Du côté des bâtiments de l’Université, dans la légère buée bleuâtre, on sent vaguement qu’une foule s’agite, qui va se déverser : des éclairs en sortent ? des bannières s’estompent, et soudain, dans le large lit que lui fait la haie des soldats bleus, le torrent se déchaîne. Oui, c’était bien l’Alsace, l’Alsace tout entière qui allait apparaître.

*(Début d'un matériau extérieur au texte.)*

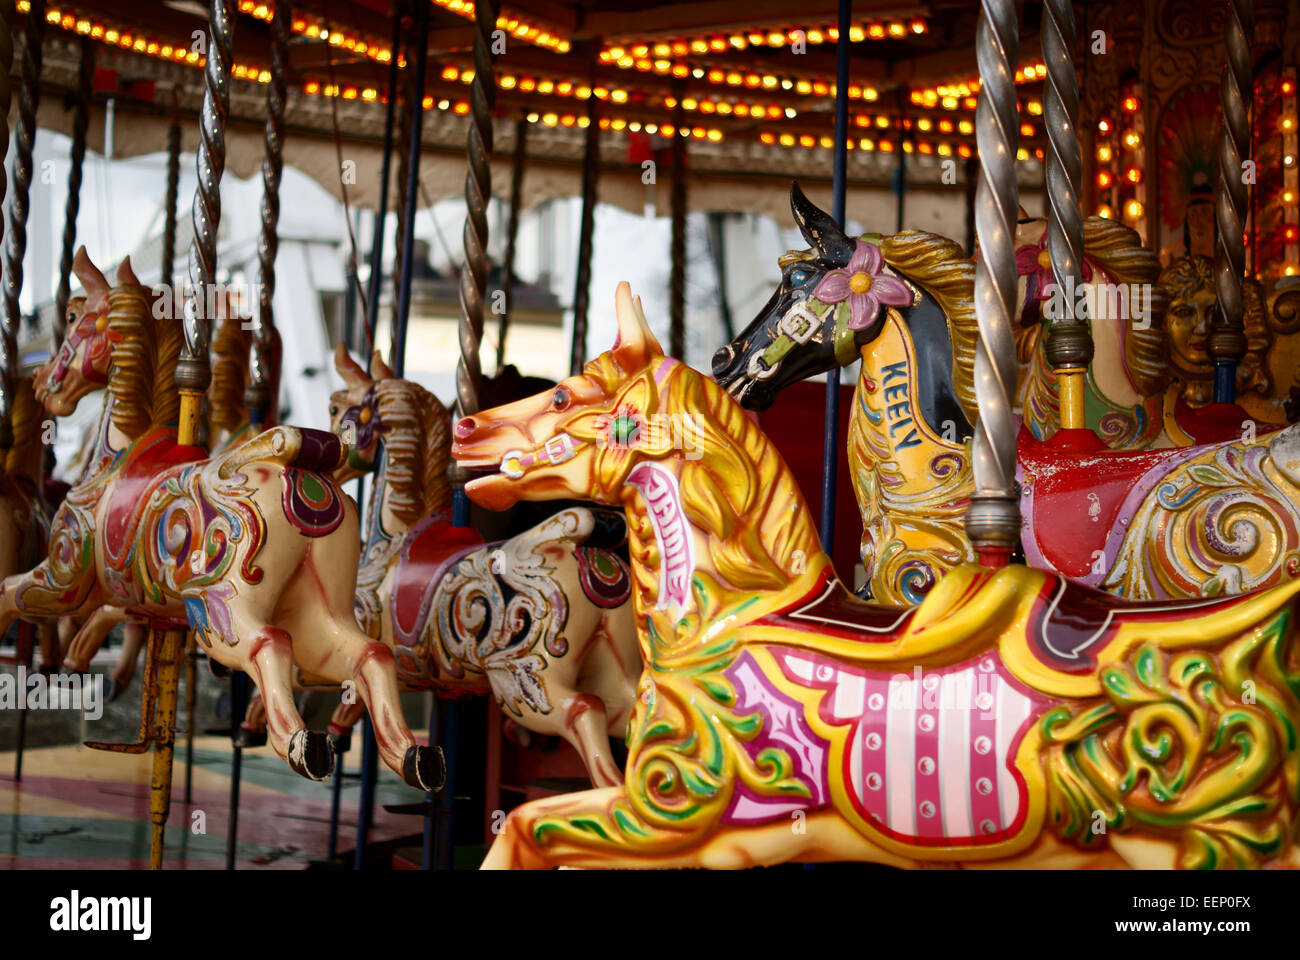 Wooden horses on an old fashioned fairground merry go round or carousel in the UK Stock Photo

Ce fut d’abord l’avant-garde étincelante des hauts casques de cuivre, les pompiers, — oh ! des pompiers très pareils aux nôtres, n’était la hauteur des casques, mais casques retrouvés, repris, qui eux aussi étaient proscrits ; puis, derrière ces casques imposants, un premier bataillon de papillons ailés, des centaines de jeunes filles se donnant le bras ou la main et passant au pas que marquaient nos fanfares ; et alors le torrent se mit à couler à pleins bords et tout y était : sociétés sportives réarborant l’uniforme d’antan, sociétés musicales sonnant de tous leurs cuivres la Sambre-et-Meuse, confréries groupées autour de leurs bannières, corporations autour de leurs enseignes, étudiants au béret tout neuf de velours, aux écharpes tricolores flottantes, puis cavaliers de la campagne solides en selle agitant des drapeaux, vétérans graves et comme recueillis derrière leurs oriflammes, conscrits de la classe 1921 agitant de telle façon leurs bâtons à flots de rubans qu’ils passent dans un nuage tricolore, soldats français de l’avenir après ces soldats français du passé, et puis des bourgs, des villages, des pays entiers, les maires ceints de l’écharpe, à la tête de leurs communes mobilisées, les curés, les pasteurs à la tête des paroisses, des garçons vêtus comme l’Ami Fritz, levant bien haut le bicorne de feutre enrubanné, le torse moulé par le gilet rouge et les longues basques de l’habit battant les mollets de blanc drapés, des femmes, des filles, des jeunes, des vieilles, des petites, des toutes petites aux mains de grandes sœurs ou de fortes mères, parfois de religieuses de Ribeauvillé ou de Niederbronn, ces « bonnes sœurs de la résistance, » marchant à la mesure des musiques militaires, et toujours et toujours des papillons volant en quelque sorte, mais par essaims énormes : cinq cents, huit cents papillons groupés par « pays. »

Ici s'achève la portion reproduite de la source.